Isidore Isou (1925-2007)

Formes ciselantes et particulièrement polyautomatiques de l'aphonisme (1967)

pièce pour instruments aphonistiques

  • General information
    • Composition date : 1967
    • Editor : Roberto Altmann, Paris, nº Collection « Avant-garde » n°14, 1967

Creation information

Observations

Dans cette pièce chargée de sens, des aphonistes se peignent de face ou dos au public. Cette action multiple est polysémique et métaphorique et permet à Isidore Isou d’introduire des concepts clefs ainsi que des éléments théoriques à la partition elle-même. Après une coiffure classique (une raie très droite) de face, puis de dos (première étape rebelle de bouleversement) se développe un « solo hermétique » d’un aphoniste retourné, les cheveux y deviennent des « particules élémentaires » et leur enchevêtrement, leur entortillement « en rapports inusités », sont des symboles du processus isouien de bouleversement de l’Art. Les camarades du soliste se retournent alors à leur tour « pour refaire en chœur ce que l’initiateur a déjà proposé en solitaire : l’œuvre mallarméenne en instruments aphonistiques est effectuée par l’ensemble des compagnons » jusqu’à obtention d’un « labyrinthe de mèches ». S’ensuit un passage de « l’étape de condensation à l’étape polyautomatique » : tandis que certains aphonistes repeignent leurs cheveux d’une manière normale ou banale, un protagoniste « commence à manœuvrer sa coiffure au hasard, en improvisant des formes et des expressions aléatoires », ce qu’Isou nomme la « technique d’association libre ». Ce qui ouvre la voie aux autres aphonistes qui, dos au public, « s’adonnent à […] l’activité esthautomatique des mèches aphonistiques, selon plusieurs rythmes possibles, calmes, diaphanes, furibonds ou démentiels ». Puis les artistes proposent une « œuvre polythanasique » en se moquant de leur coiffure et en utilisant « tous les moyens concevables pour la détruire ou pour en présenter une image anéantie », s’abîmant les cheveux en les piétinant ou en les frottant à la scène.
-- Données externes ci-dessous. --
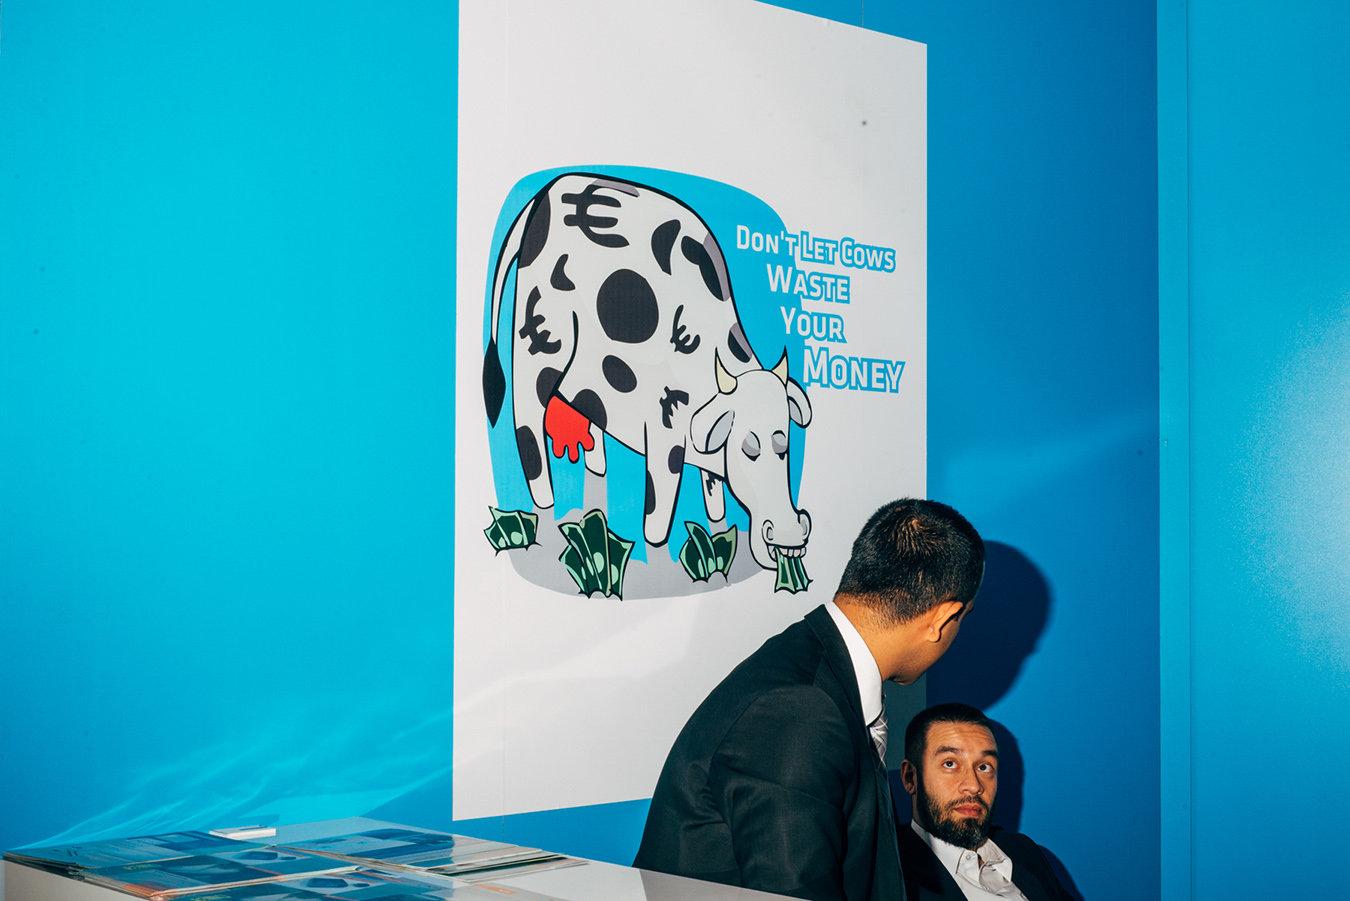 Auf der EuroTier, der weltweit größten Messe für Tierhaltung und -management, ist man sich einem sehr bewusst: Nicht jede Kuh ist eine Cash-Cow

Enfin, ils se calment et recommencent à se peigner tranquillement, « à réarranger leur coiffure selon un canon simple, volontairement classique et néanmoins approfondi, comme s’ils réalisaient un poème élégant-baudelairien-en soi. » On lit ainsi, derrière ces coiffures et cheveux entortillés, les différentes étapes du système à deux hypostases d’Isou : amplique-ciselant, comme l’histoire d’un groupe d’avant-garde avec son leader et ses bouleversements esthétiques.